Work instructions >>
Repeat the data exactly as given below, dropping every picture.

Data shown >>

--- START ---

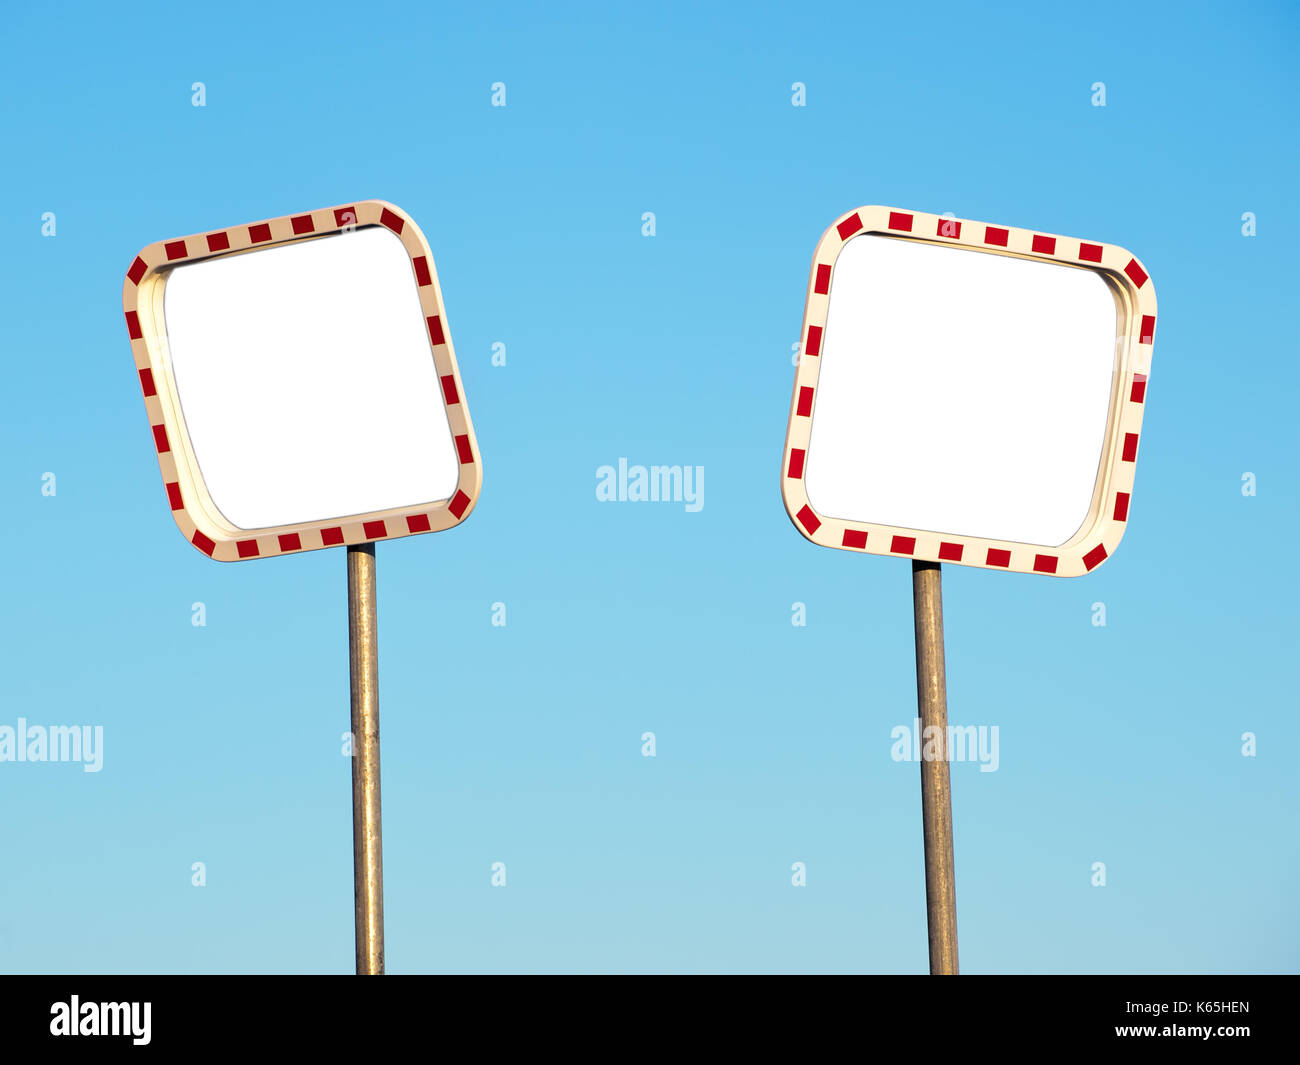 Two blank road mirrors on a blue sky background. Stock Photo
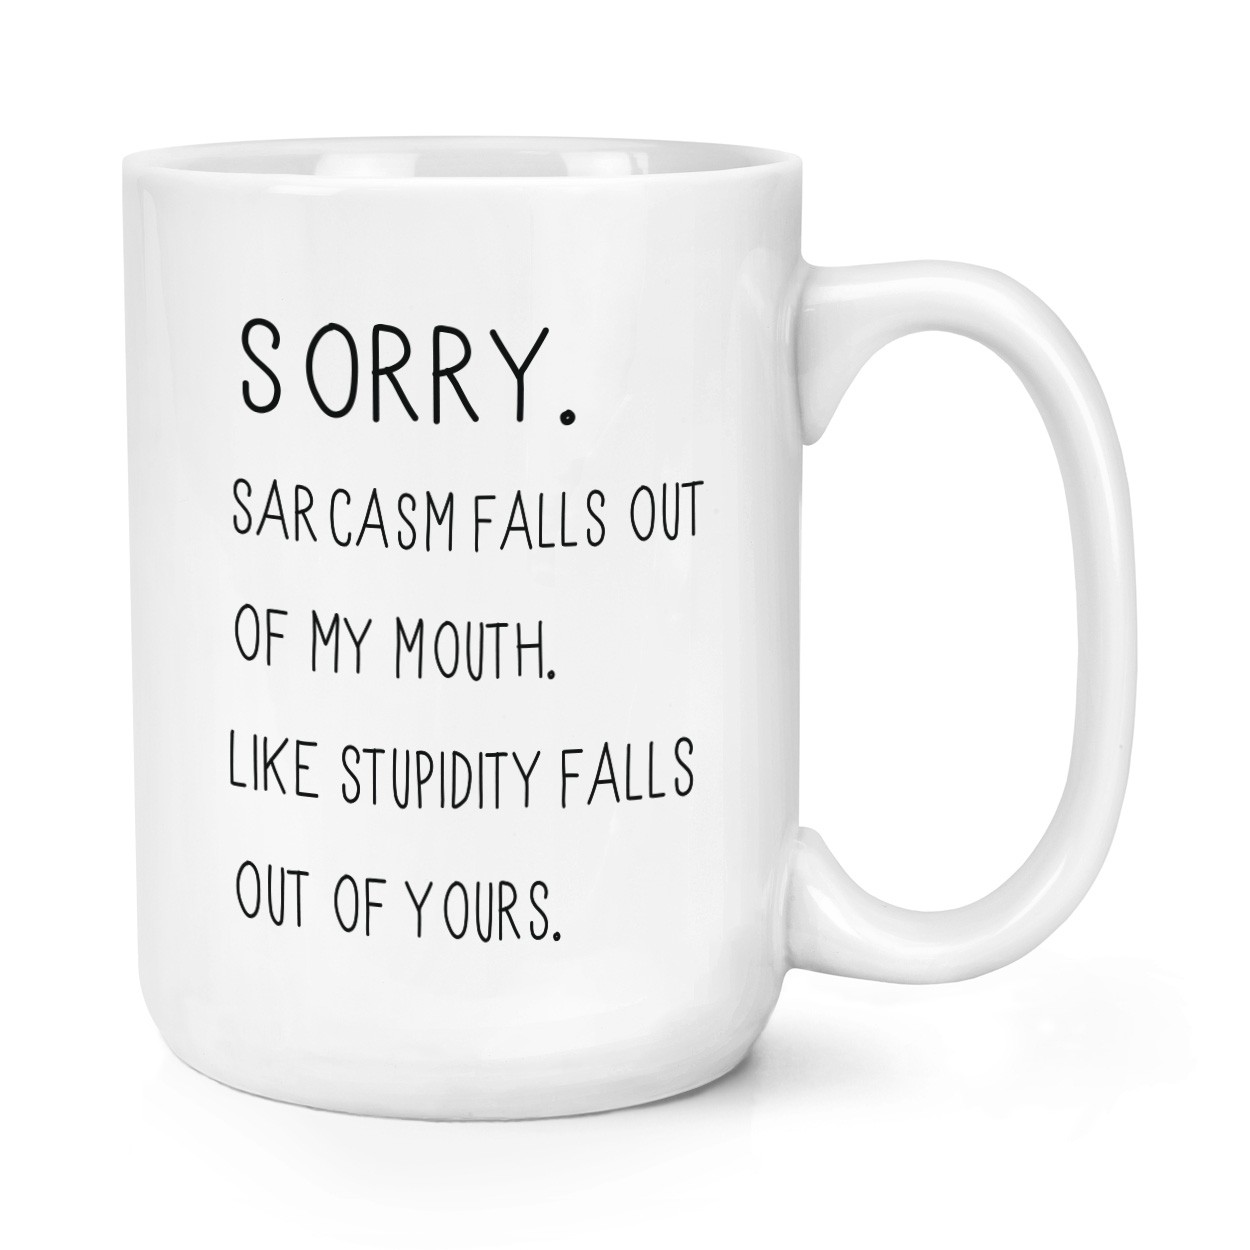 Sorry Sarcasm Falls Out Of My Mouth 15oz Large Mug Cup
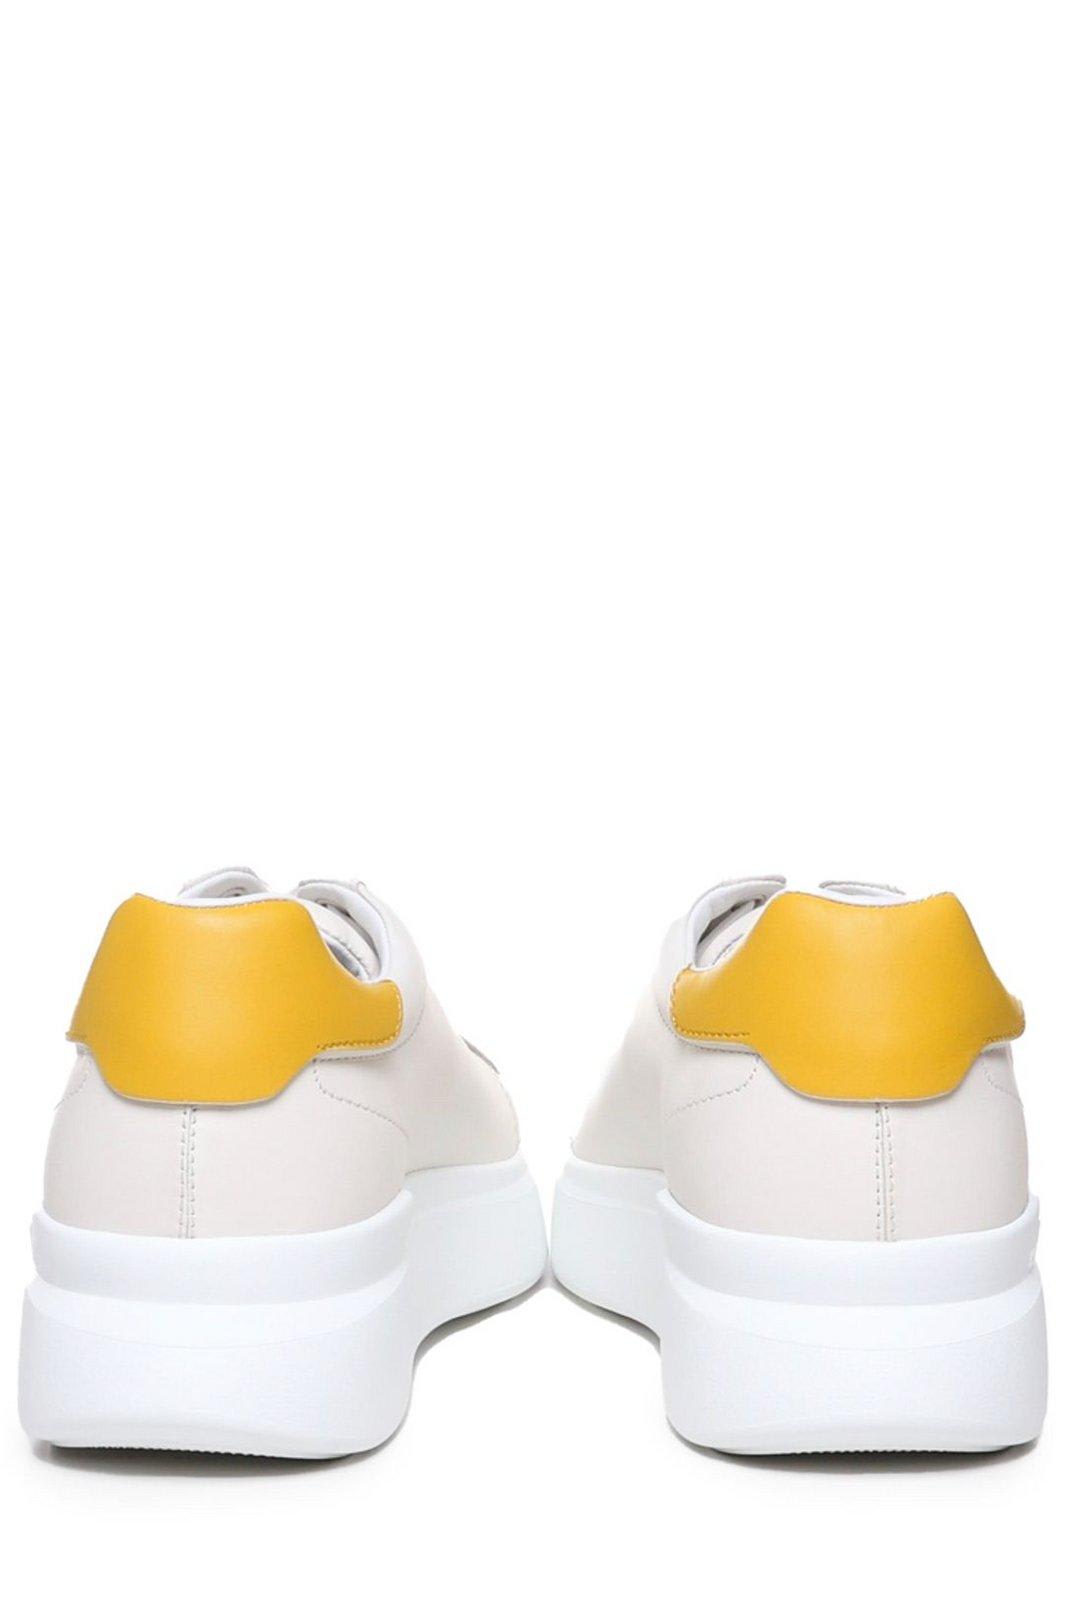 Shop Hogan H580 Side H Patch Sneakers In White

--- END ---

Response area >>
 Two blank road mirrors on a blue sky background. Stock Photo
 Sorry Sarcasm Falls Out Of My Mouth 15oz Large Mug Cup
 Shop Hogan H580 Side H Patch Sneakers In White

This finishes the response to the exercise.